Carmichael made his first map using ArcGIS for the 2008 issue, which appeared on the Health Care page. It showed where hospitals were located relative to populations and illustrated what areas were underserved.

  click to enlarge
Matthew Carmichael of Crain's Chicago Business made this hospital density map using Esri's ArcGIS Desktop software.

"We took a population density map and were able to layer over the hospitals' locations. By plotting points on a population density map, we were able to show that the suburbs—especially Will County—are much less served with hospital density than Cook County. It becomes very pronounced the farther you get from the city," Carmichael said.

This information may be of interest to readers living in or thinking about moving to the suburbs. "There has been a huge population explosion in the suburban areas, especially in Will County, and the number of available hospital beds has not caught up yet," Carmichael said. "If I were going to have a heart attack in eastern Will County, I would be a little upset that it is a long way to get to a hospital."

Market Facts also mapped cell phone bill indexes, information of potential interest to cell phone retailers. On the Tech & Telecom page of the print edition, an Esri map of Greater Chicago shows where people spent the most and least on cell phone calls. (Cell phone bills were, on average, higher in the western suburbs.)

The map represents the market potential for households that spent, on average, more than $100 a month on cell phone calls. "What this map tells you quickly are which census tracts have the highest or lowest concentration of households that are spending money for cell phone usage," said Donna Fancher, marketing coordinator for the Commercial and Data team in Product Marketing at Esri. "This information is particularly useful for cell phone retailers. It may help determine where stores should be located and if additional stores are needed in an area. It can also help existing store owners with product selection for their stores."

Carmichael agrees: the maps can highlight some potential new markets for businesses. "Consumer trends and spending are important to all the businesses that want to reach out to those consumers," Carmichael said. "If you are a technology services company, to find where the more technologically driven people are—that would be very helpful."

For more information about Esri Data, visit www.esri.com/data.
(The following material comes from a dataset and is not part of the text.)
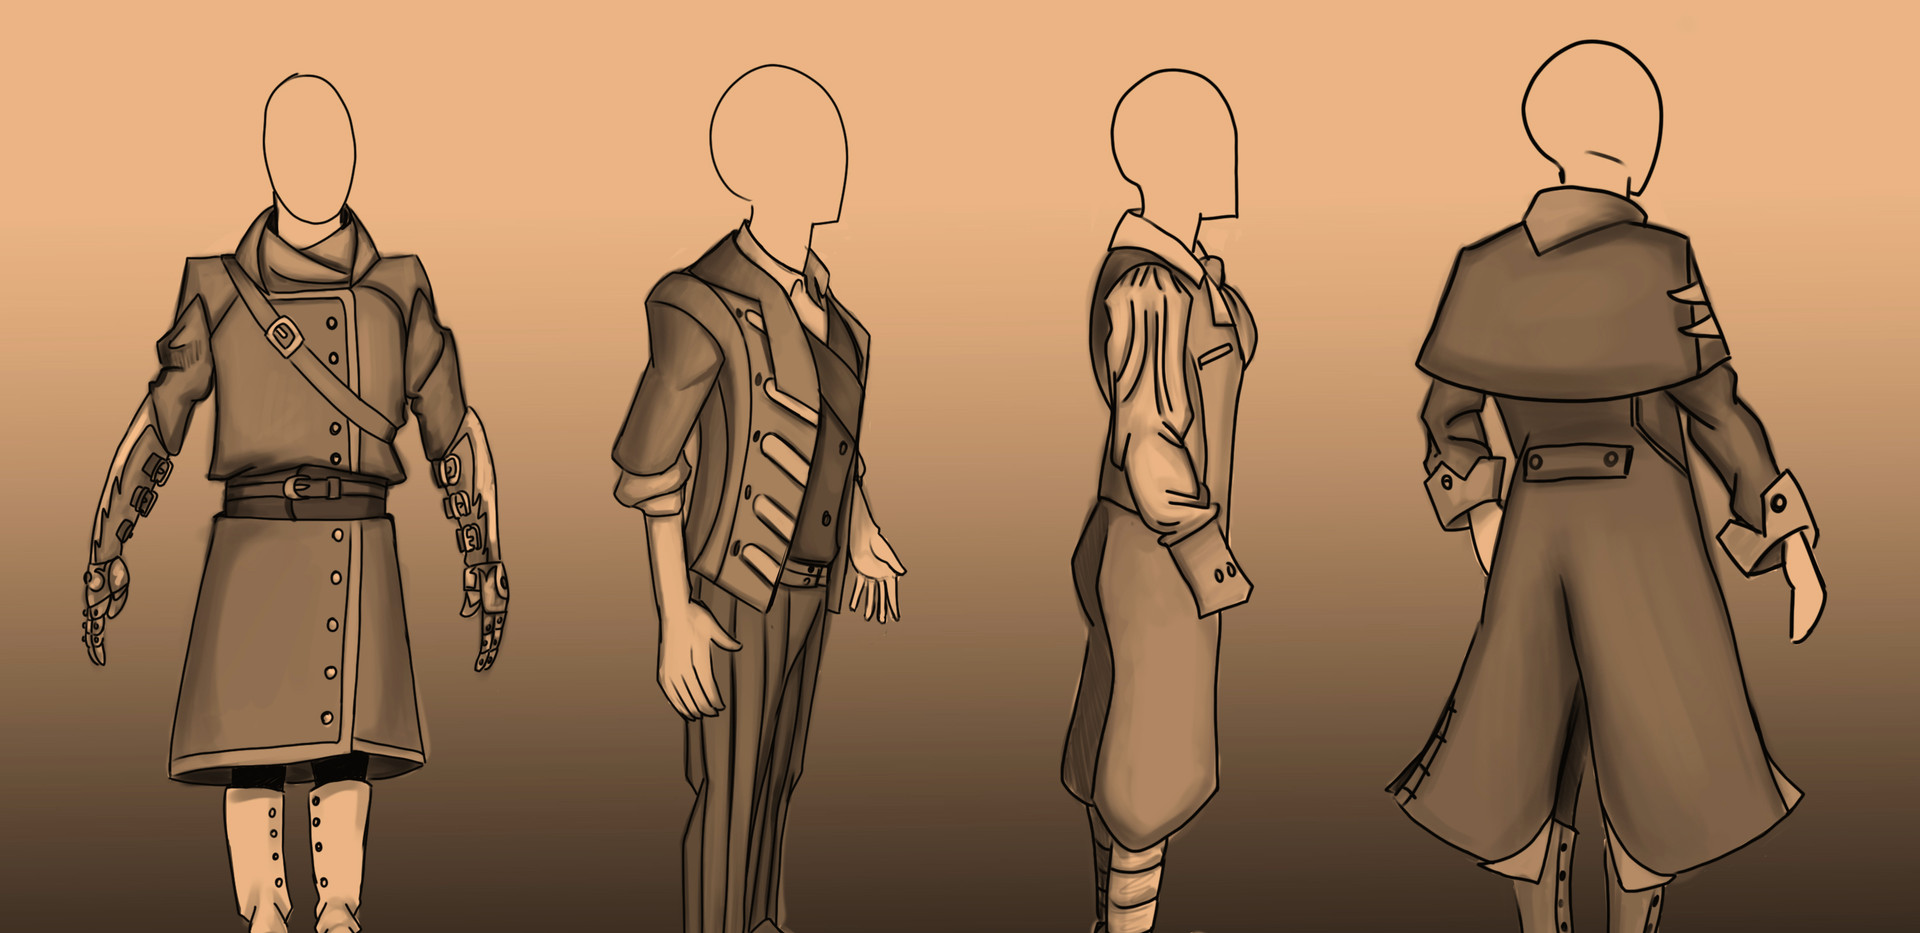 dynamo roughs-male costume 3.jpg

To learn how you can work with and use data in your publication, contact Brent Roderick at broderick@esri.com.

Fast Facts about Crain's Chicago Business

Published: Weekly
Circulation: 50,000 weekly for the print edition; 170,000 registered Web site users
Web Site: www.chicagobusiness.com
Owned by: Crain Communications, Inc. The family-owned company publishes 36 business, trade, and consumer magazines and newspapers including Advertising Age, Crain's New York Business, Crain's Detroit Business, Crain's Cleveland Business, Crain's Manchester (England) Business, Business Insurance, Modern Health Care, BtoB, Pensions & Investments, Financial Week, and TelevisionWeek.